An exact reproduction of the listing is wanted, with the pictures dropped.

- **Supplied data**:
▬▬▬

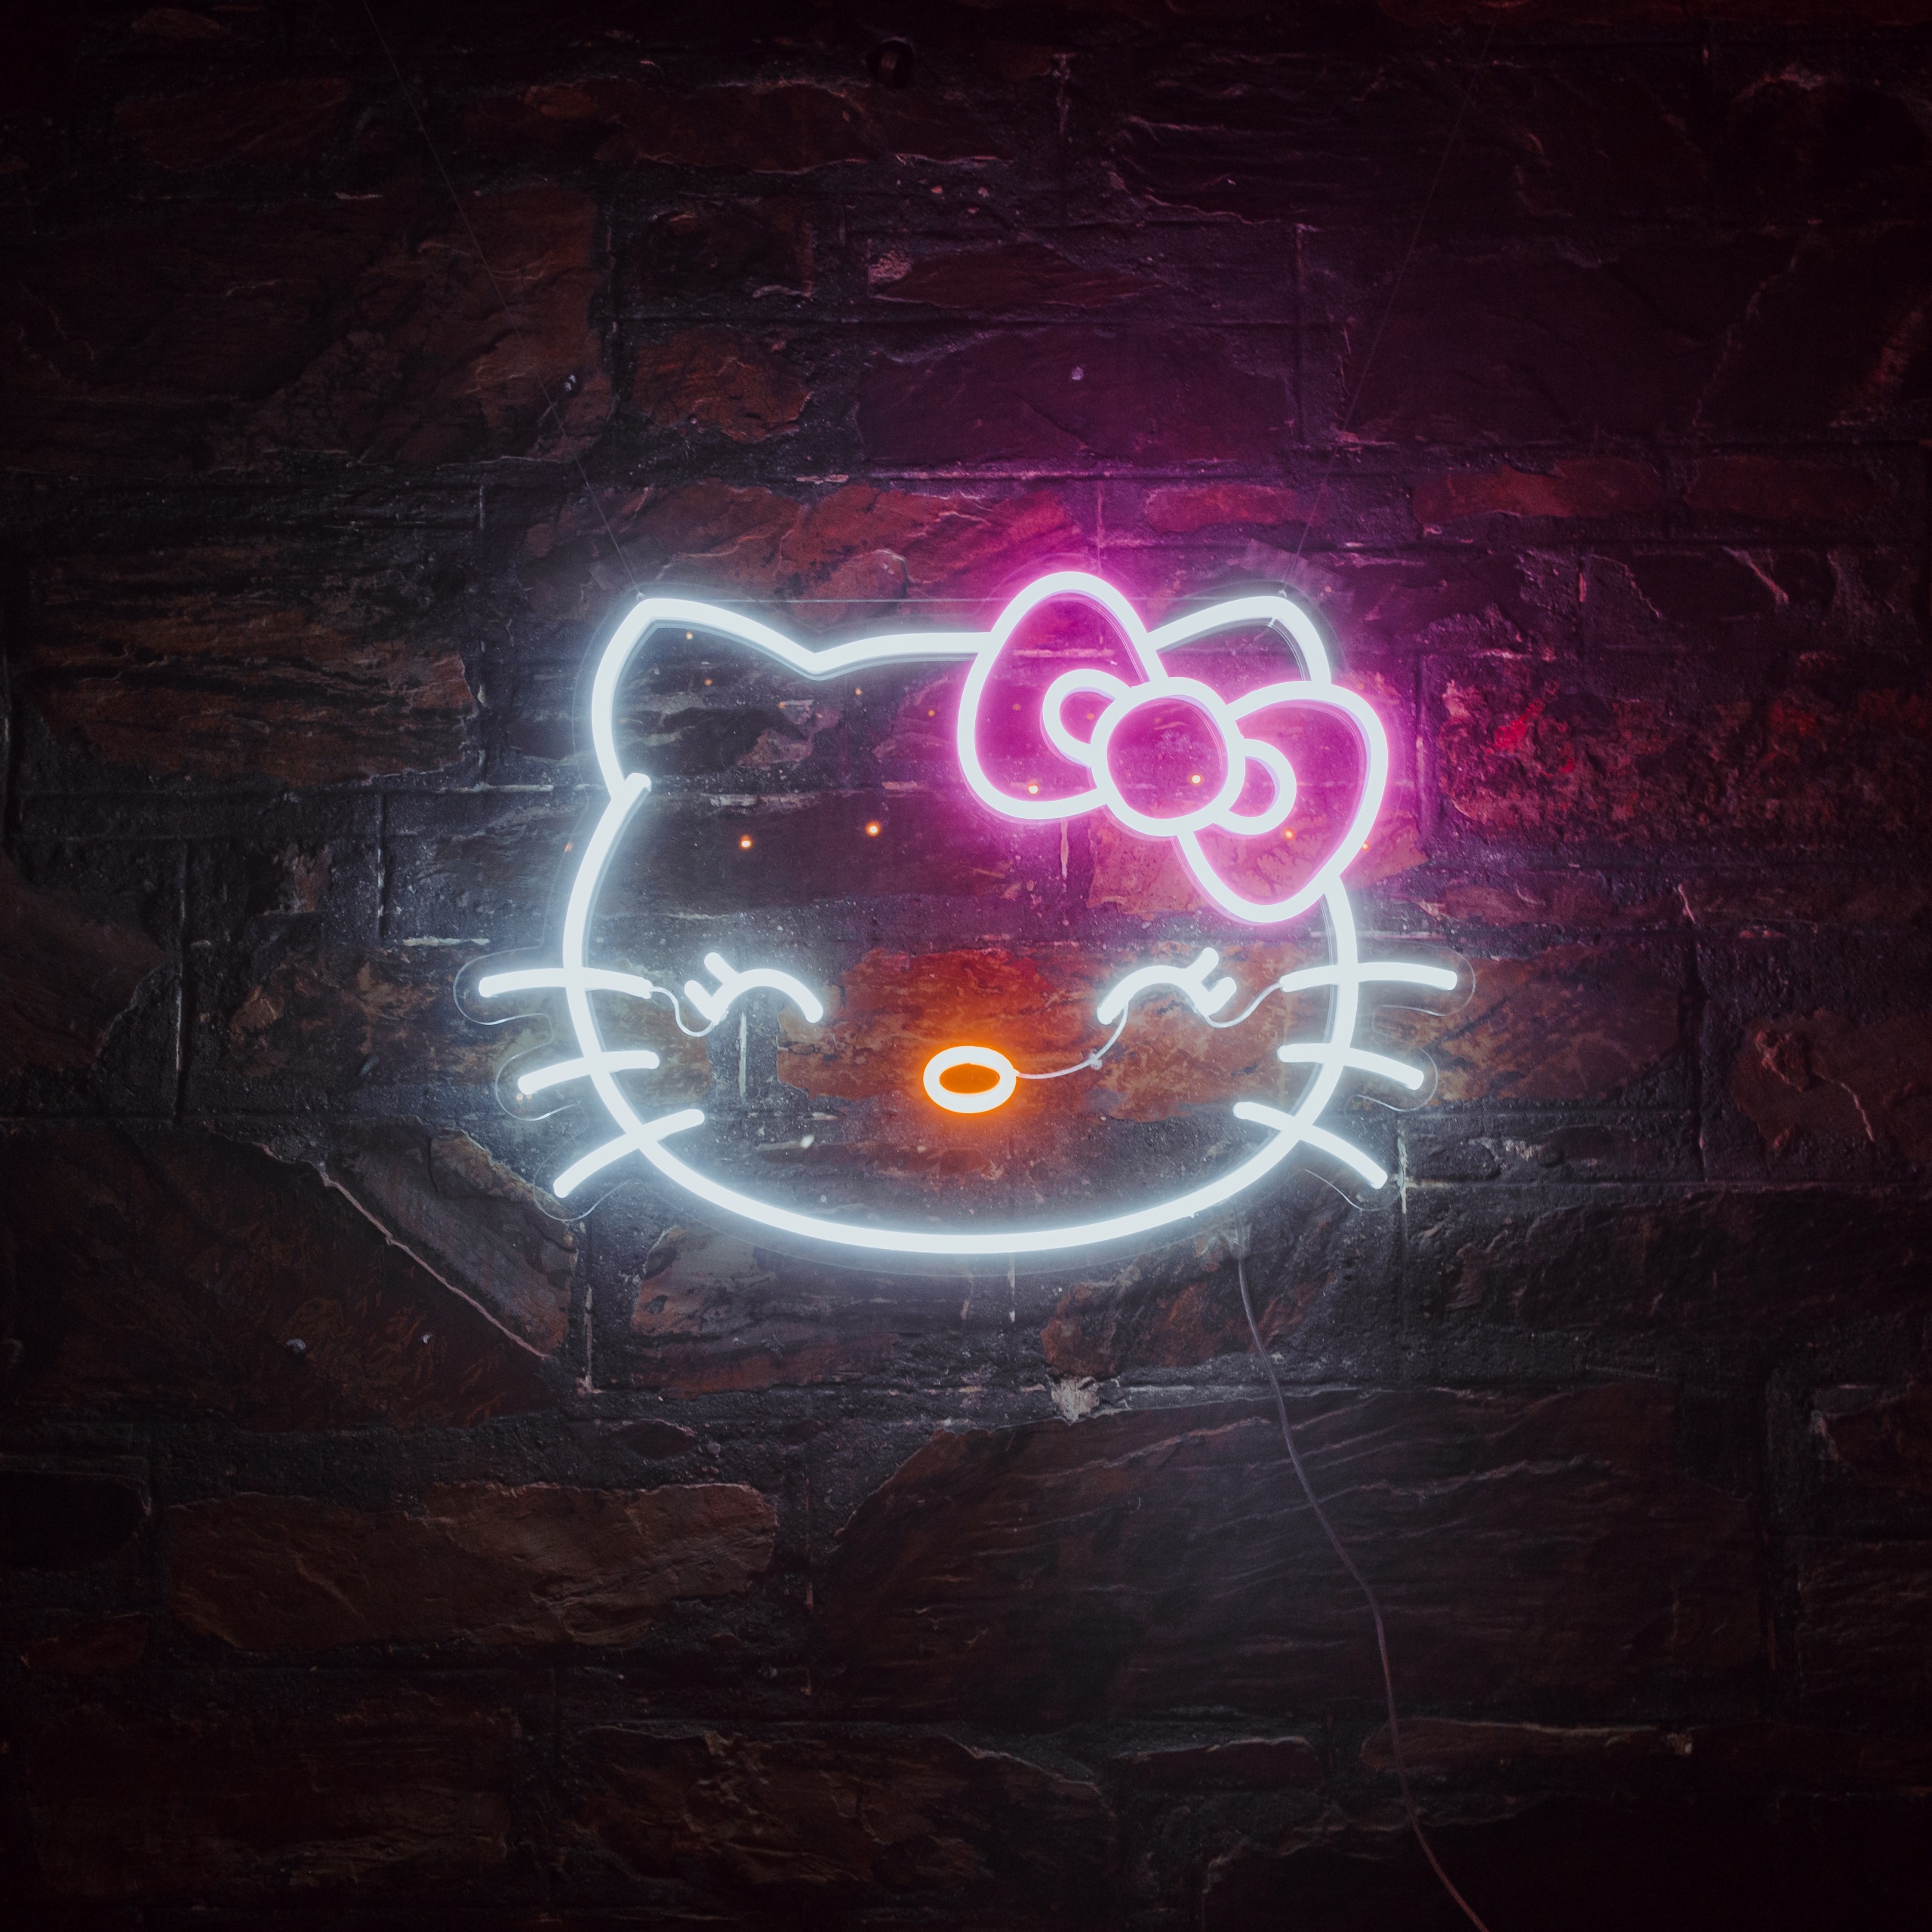 Nếu bạn muốn tìm kiếm hình nền độ phân giải cao với chất lượng hình ảnh tuyệt đẹp, thì hình nền Hello Kitty 4k sẽ là sự lựa chọn tuyệt vời cho bạn. Hãy tận hưởng màu sắc tươi sáng, hiệu ứng động độc đáo và sự dễ thương của Hello Kitty.
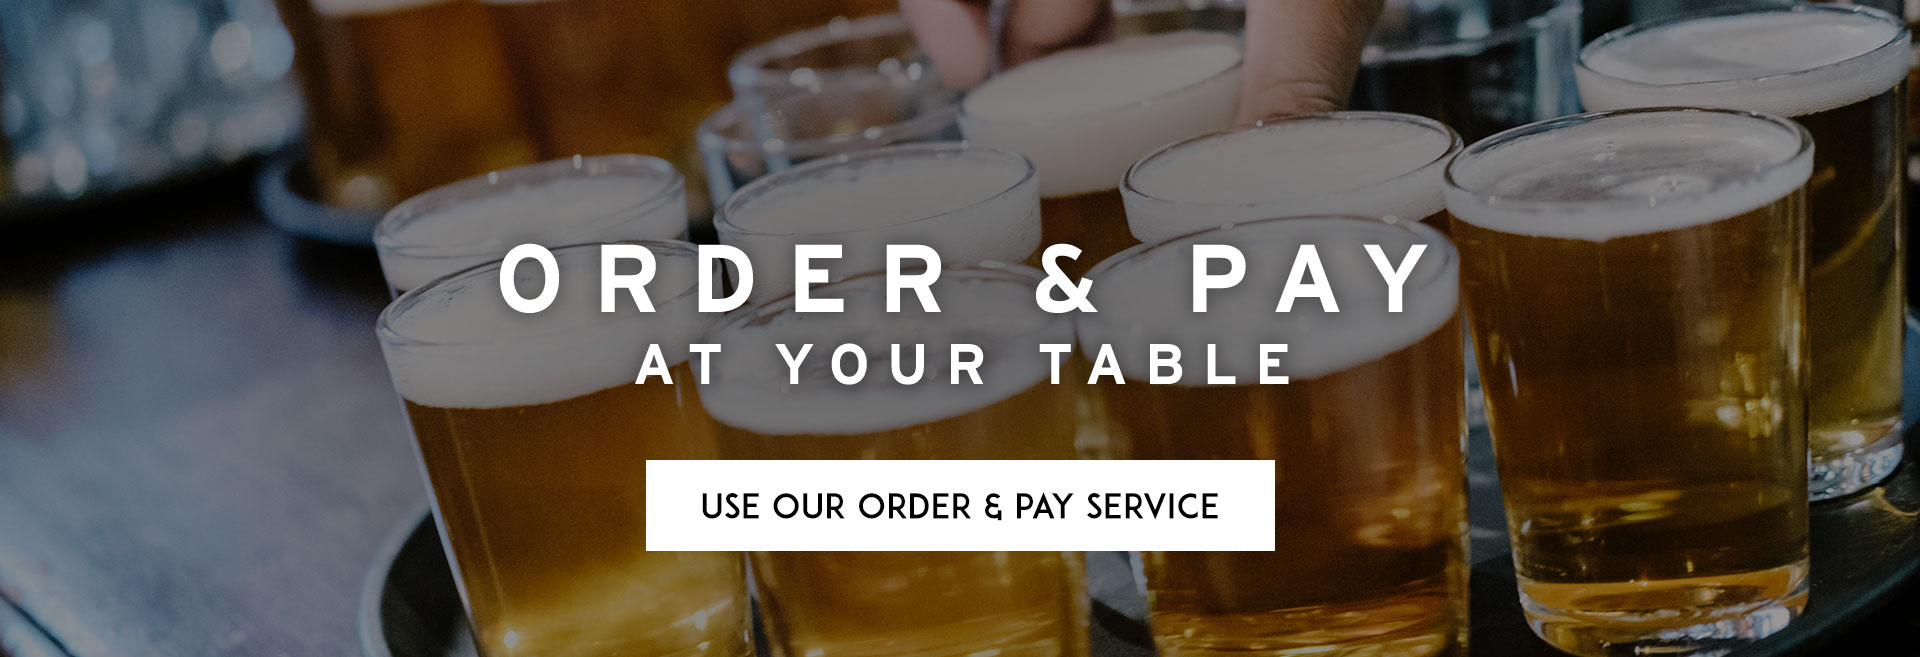 Order at table at The Railway Tavern hero
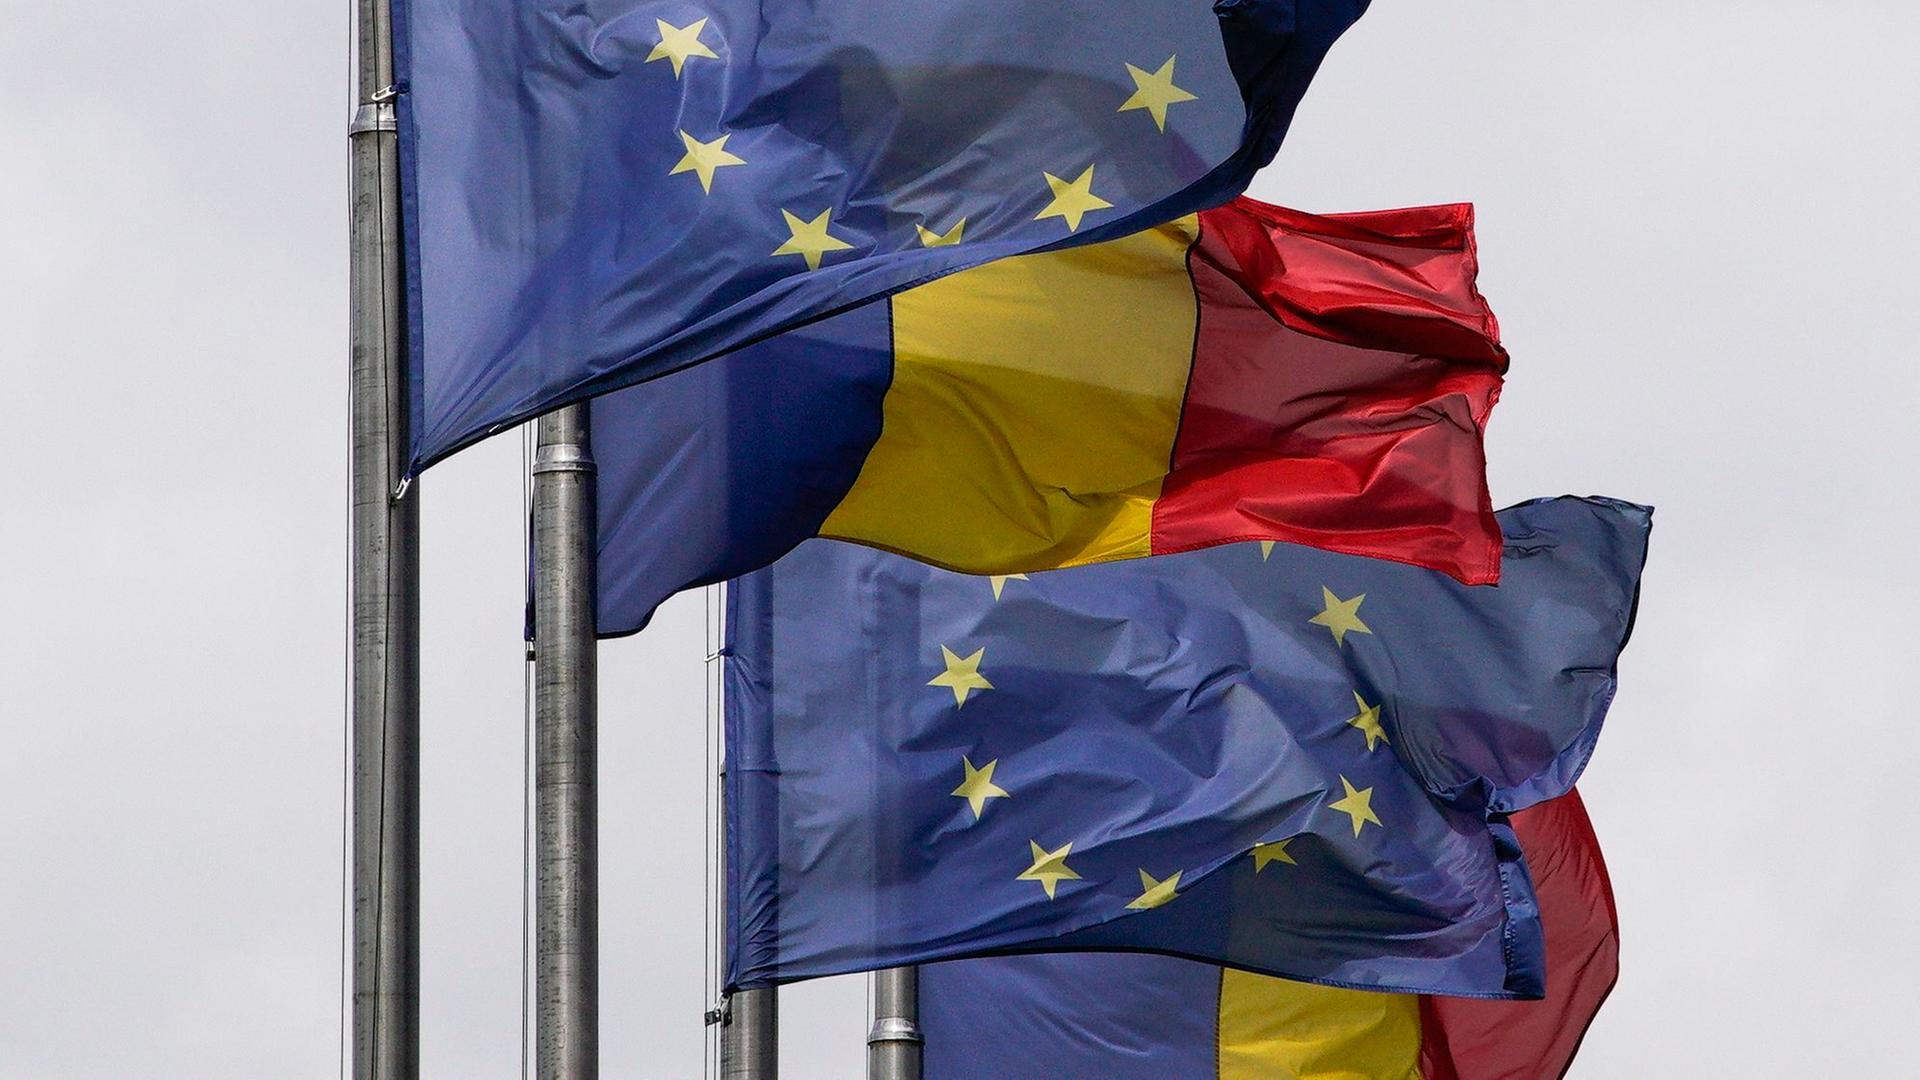 Flaggen Rumäniens und der Europäischen Union flattern am Victoria Palast in Rumäniens Hauptstadt Bukarest
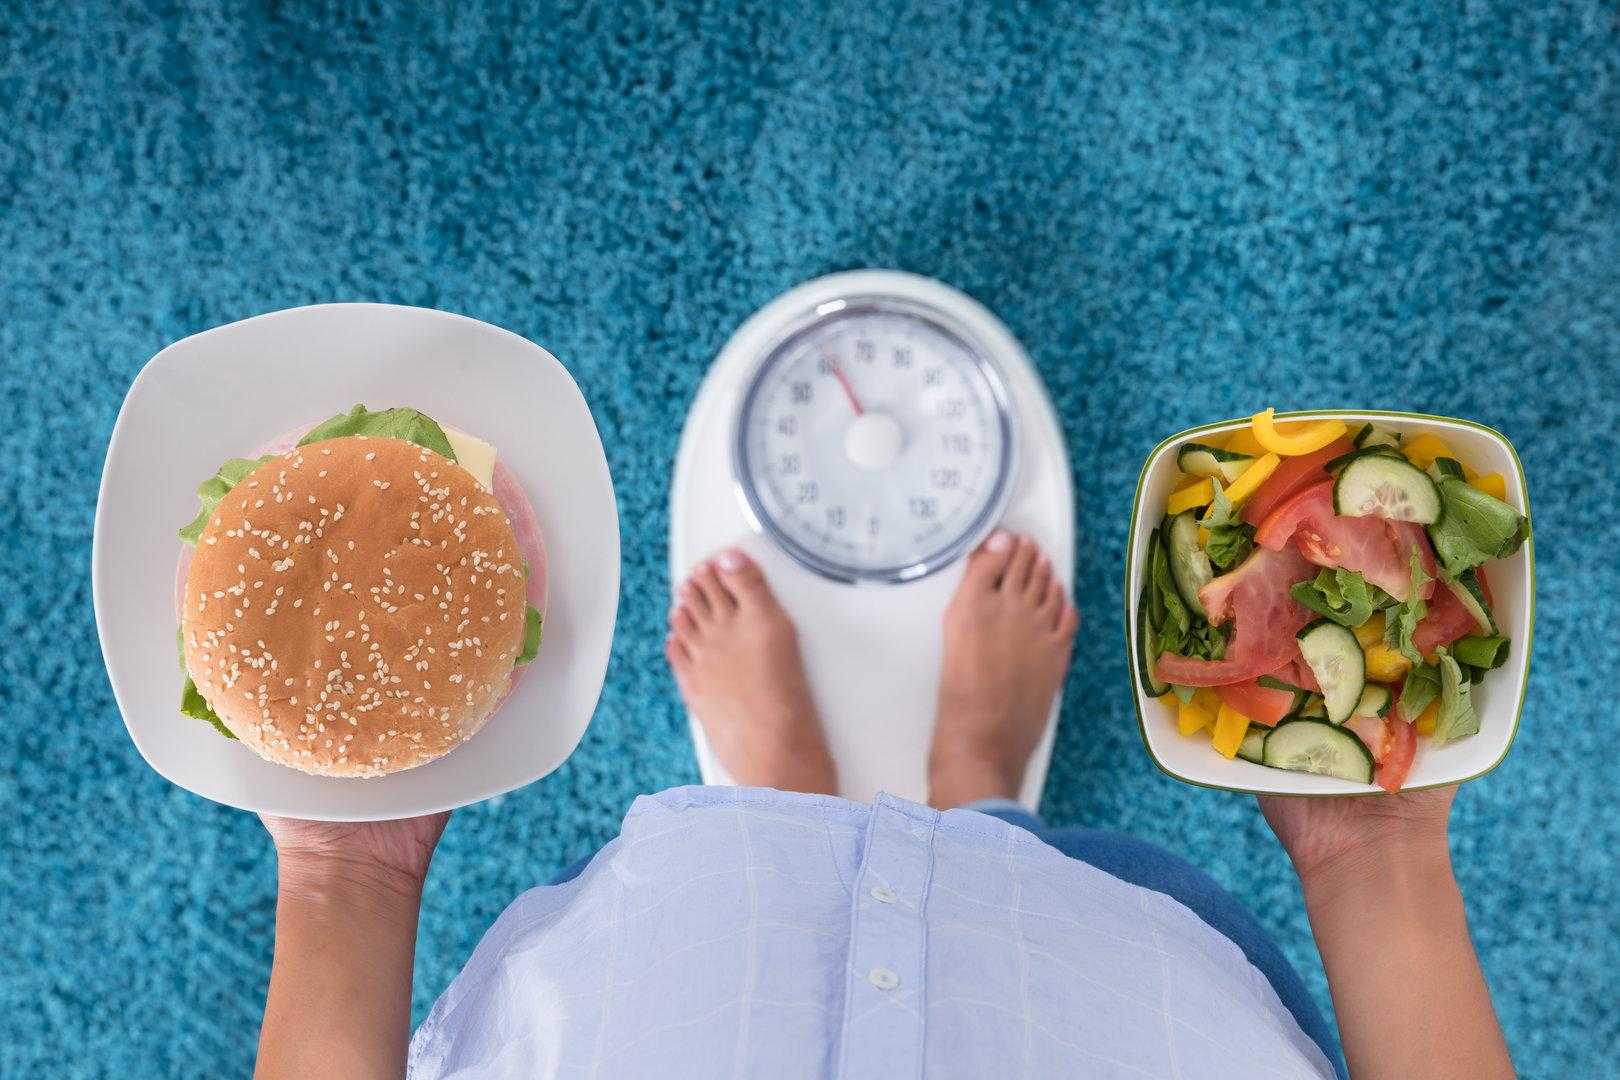 Как похудеть после праздников - разгрузочные дни, диеты и упражнения, чтобы быстро скинуть вес

▬▬▬

- **Completed exercise**:
 Nếu bạn muốn tìm kiếm hình nền độ phân giải cao với chất lượng hình ảnh tuyệt đẹp, thì hình nền Hello Kitty 4k sẽ là sự lựa chọn tuyệt vời cho bạn. Hãy tận hưởng màu sắc tươi sáng, hiệu ứng động độc đáo và sự dễ thương của Hello Kitty.
 Order at table at The Railway Tavern hero
 Flaggen Rumäniens und der Europäischen Union flattern am Victoria Palast in Rumäniens Hauptstadt Bukarest
 Как похудеть после праздников - разгрузочные дни, диеты и упражнения, чтобы быстро скинуть вес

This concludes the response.